[DATA SEGMENT Boundary: Start]

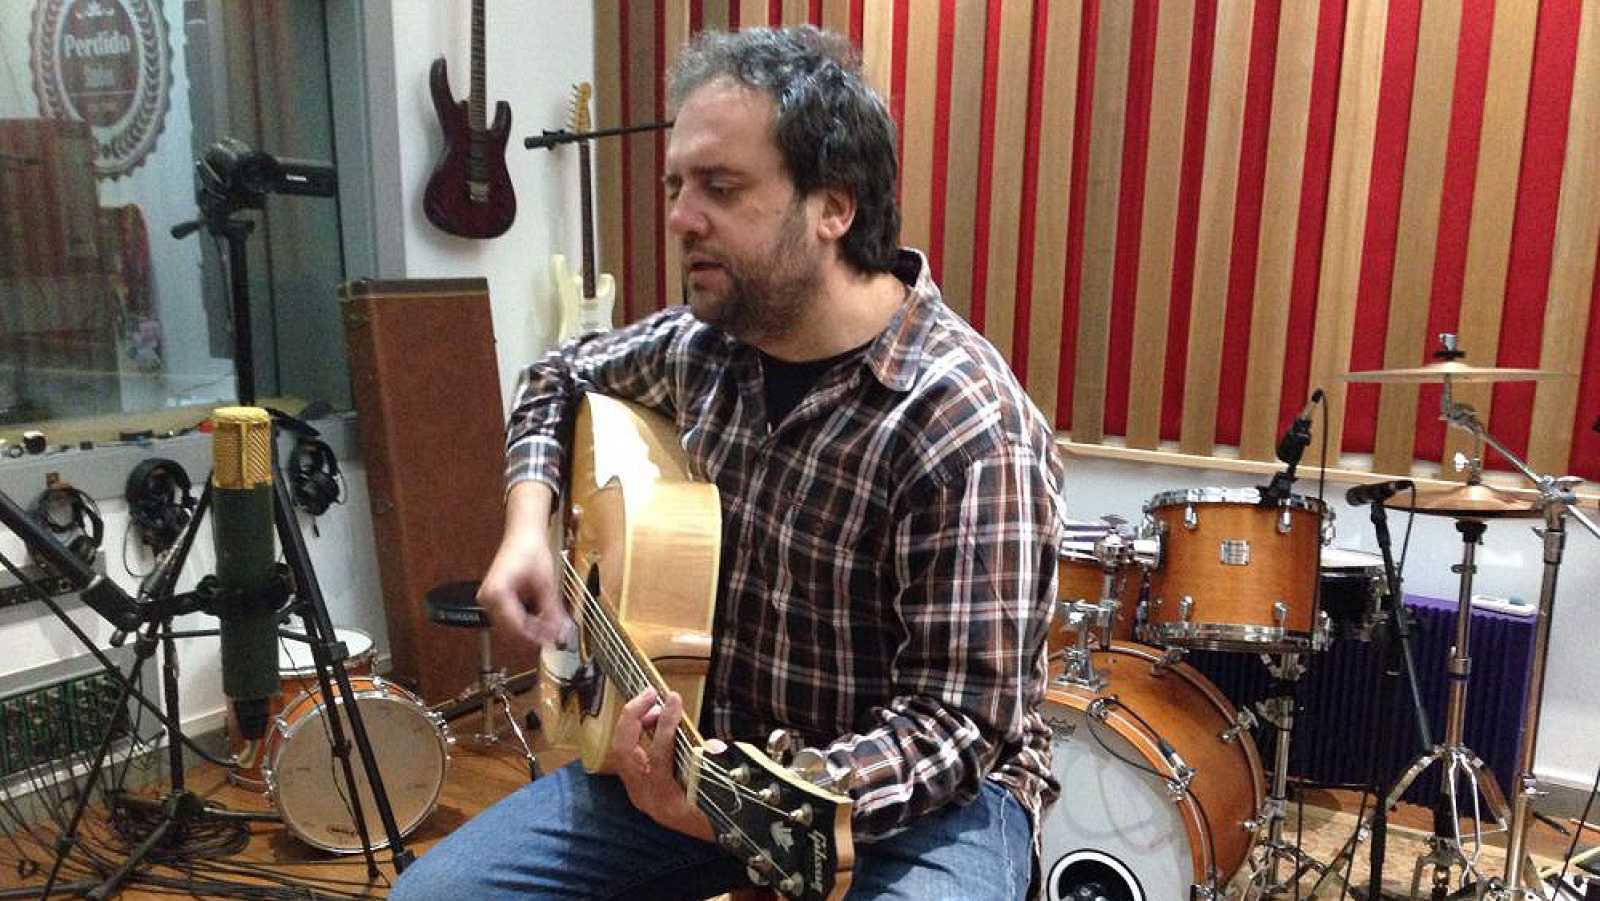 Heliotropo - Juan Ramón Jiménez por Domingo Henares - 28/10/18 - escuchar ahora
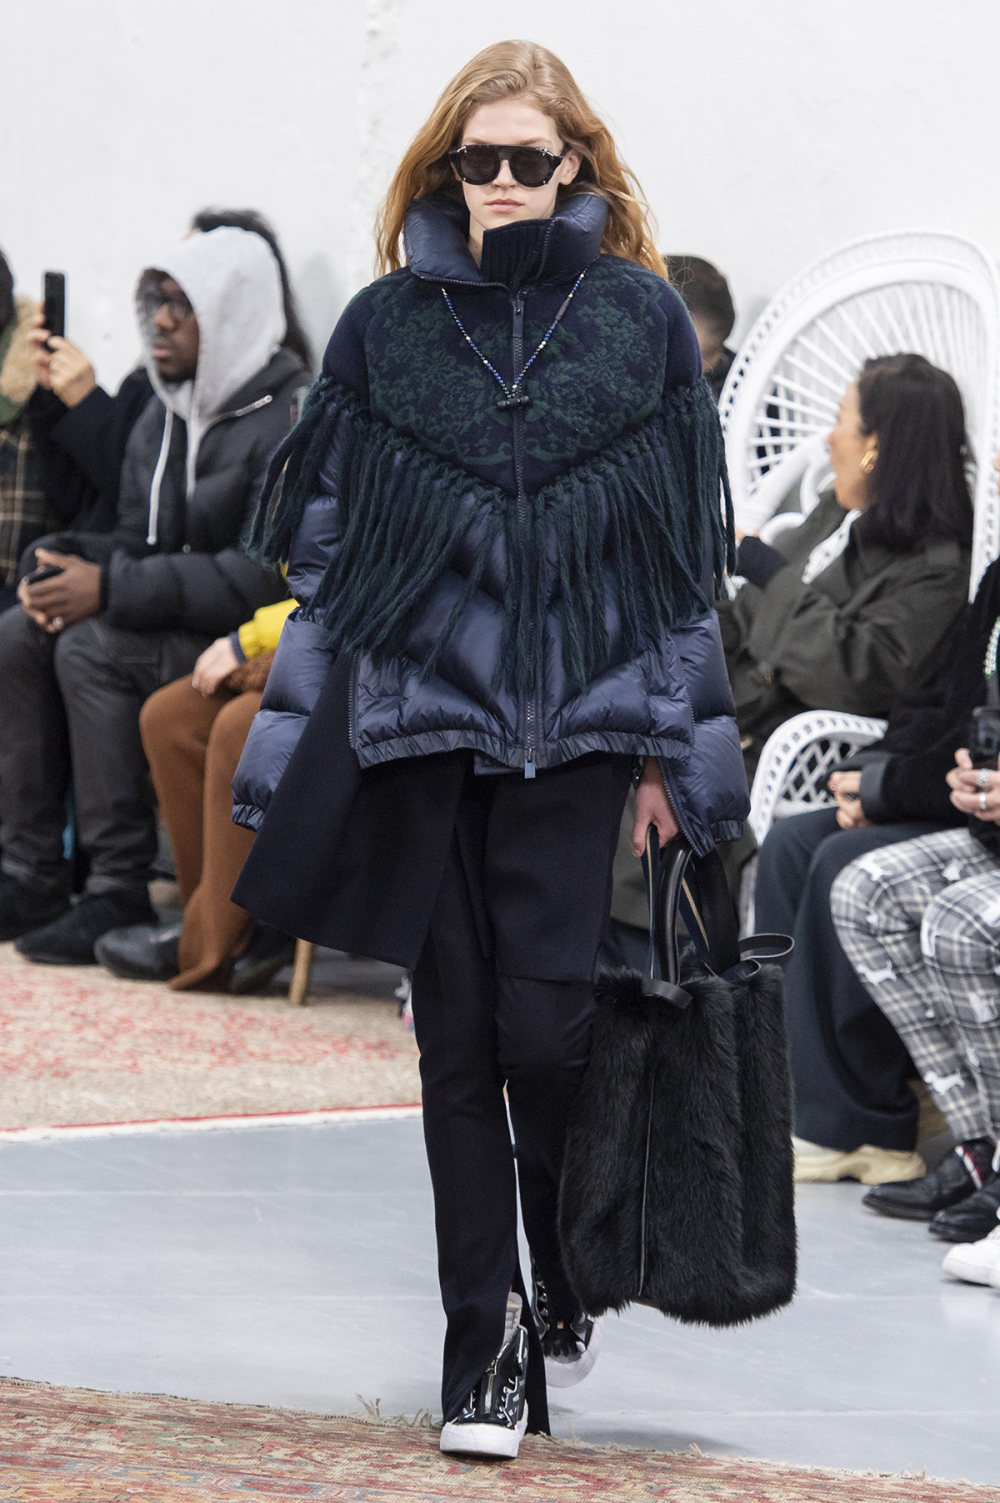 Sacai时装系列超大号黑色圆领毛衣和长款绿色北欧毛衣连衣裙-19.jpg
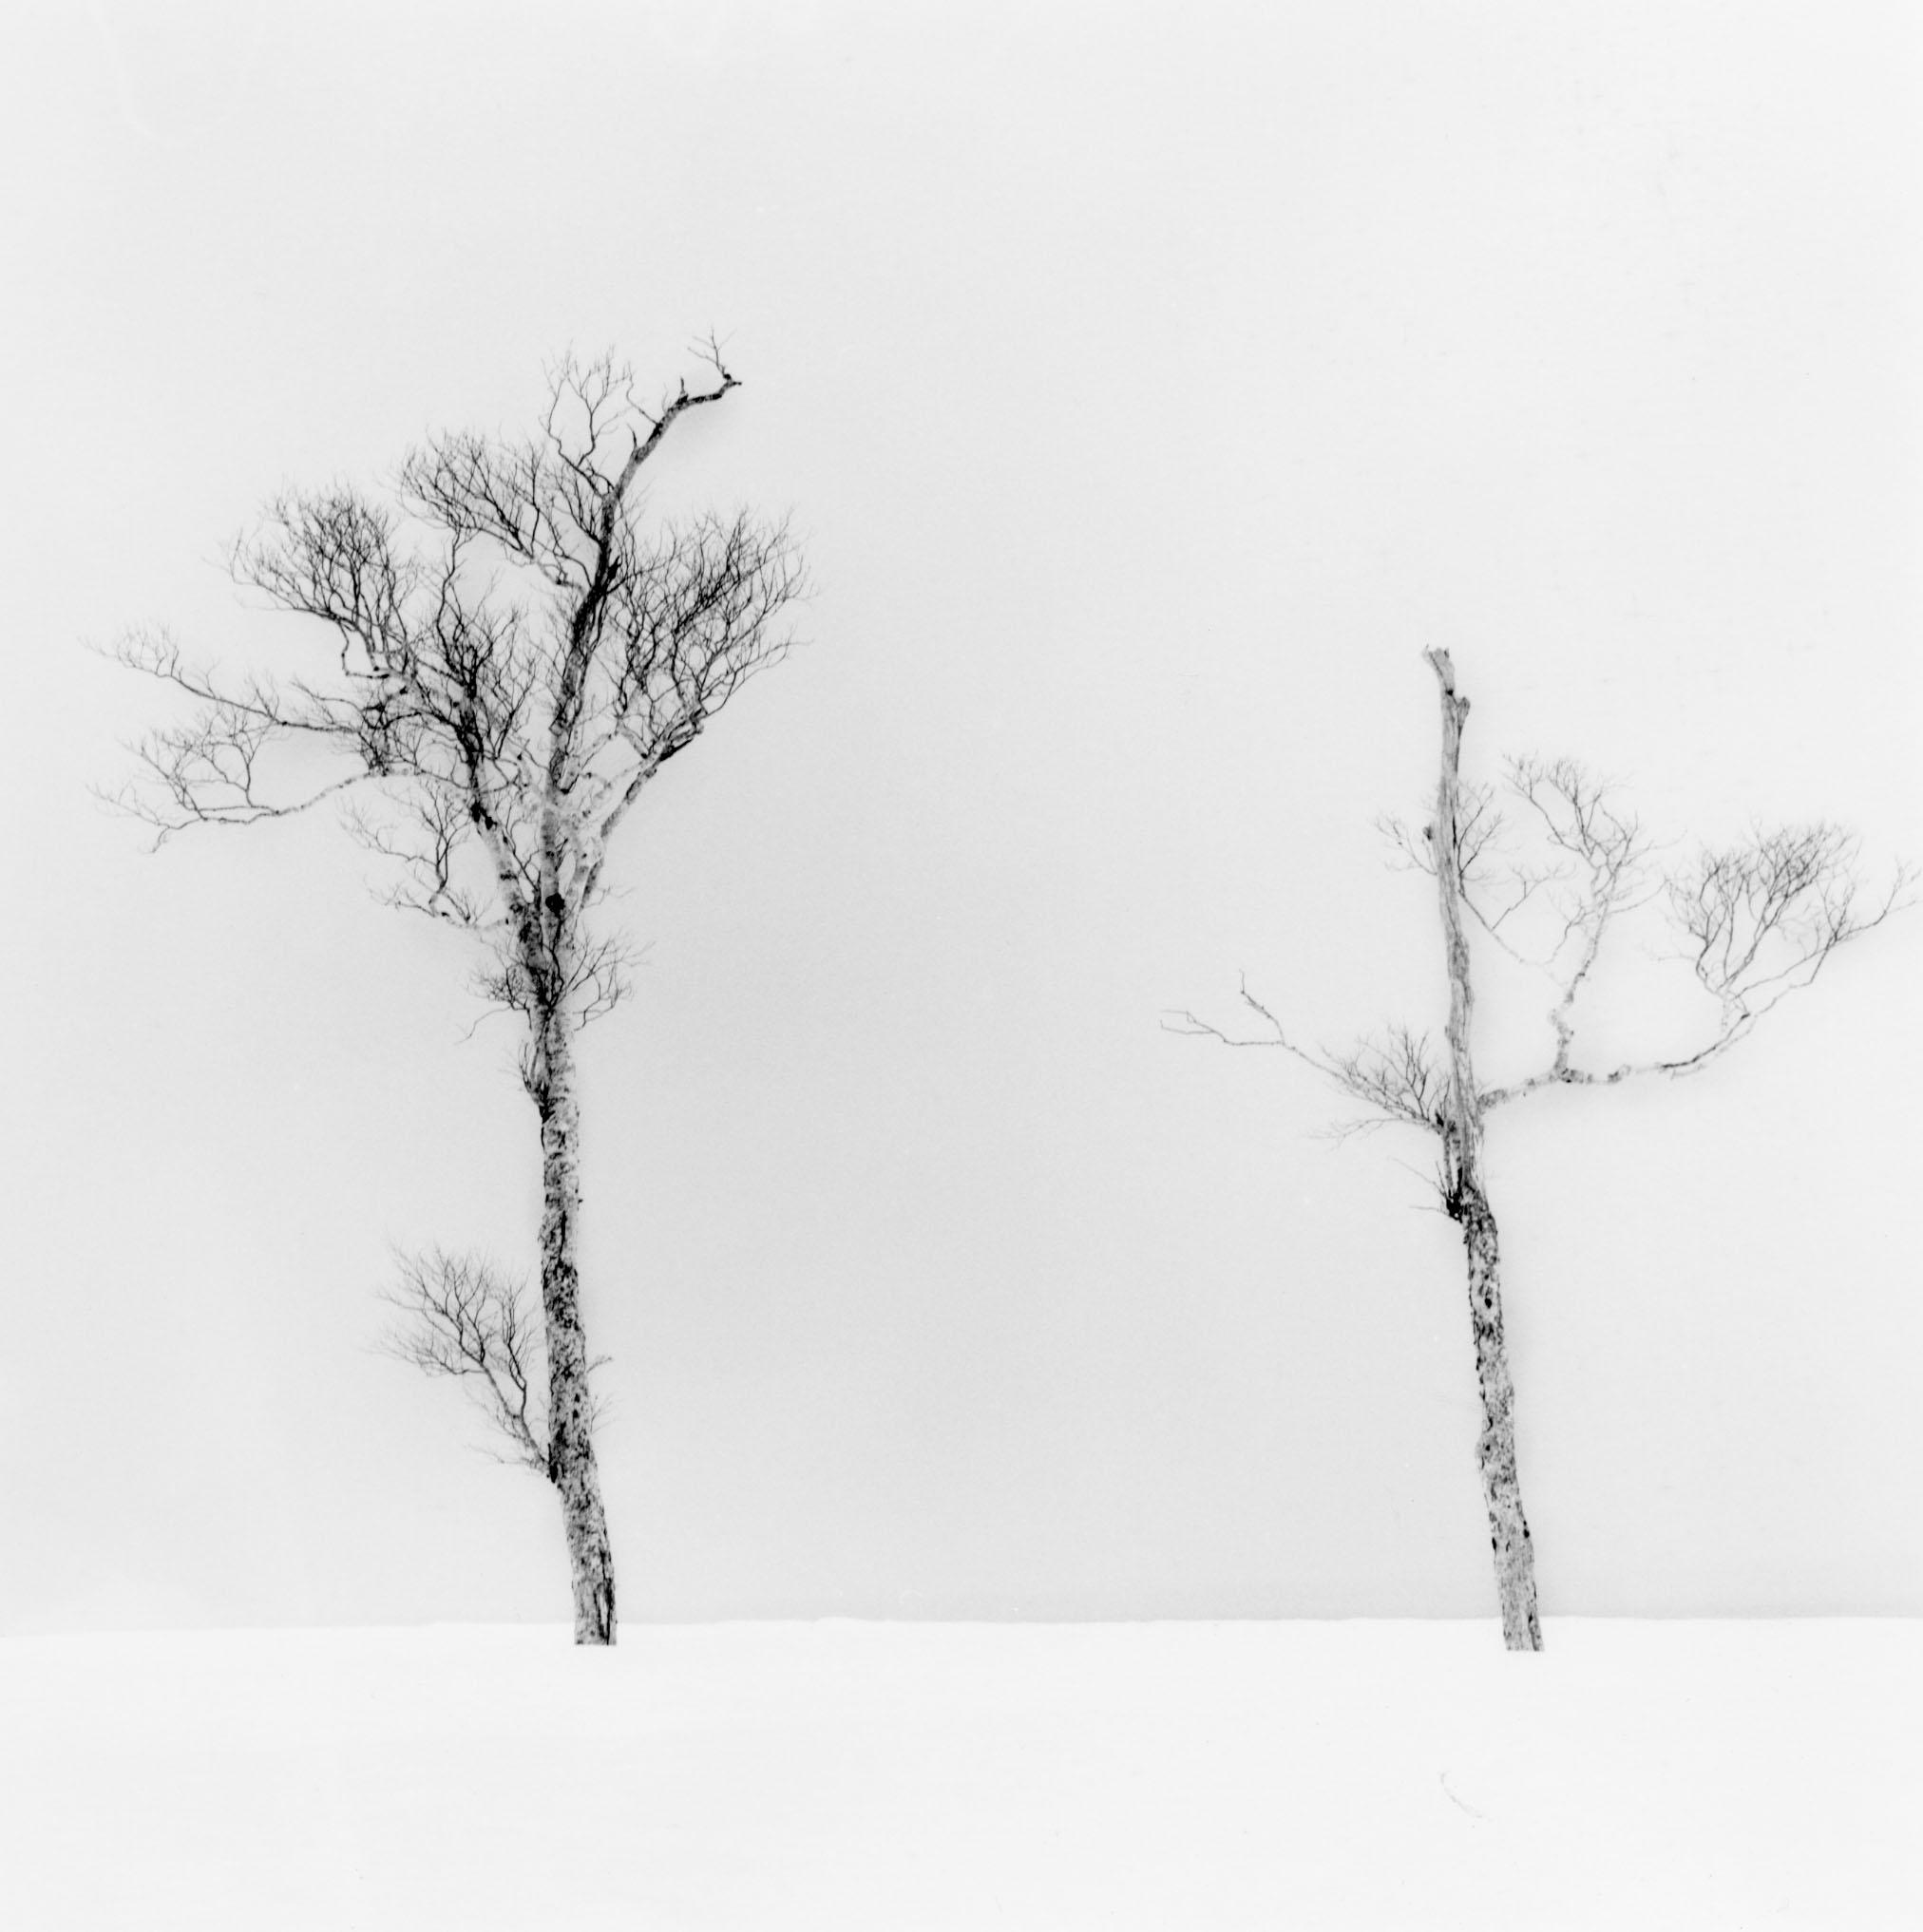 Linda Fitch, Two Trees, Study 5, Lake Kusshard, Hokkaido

[DATA SEGMENT Boundary: End]

» **TASK REQUIREMENTS**:
Output each line of the listing above, word for word, from the one holding "Sacai时装系列超大号黑色圆领毛衣和长款绿色北欧毛衣连衣裙-19.jpg" through the last line, both included; omit the pictures.

» **SOLUTION TO THE PROBLEM**:
 Sacai时装系列超大号黑色圆领毛衣和长款绿色北欧毛衣连衣裙-19.jpg
 Linda Fitch, Two Trees, Study 5, Lake Kusshard, Hokkaido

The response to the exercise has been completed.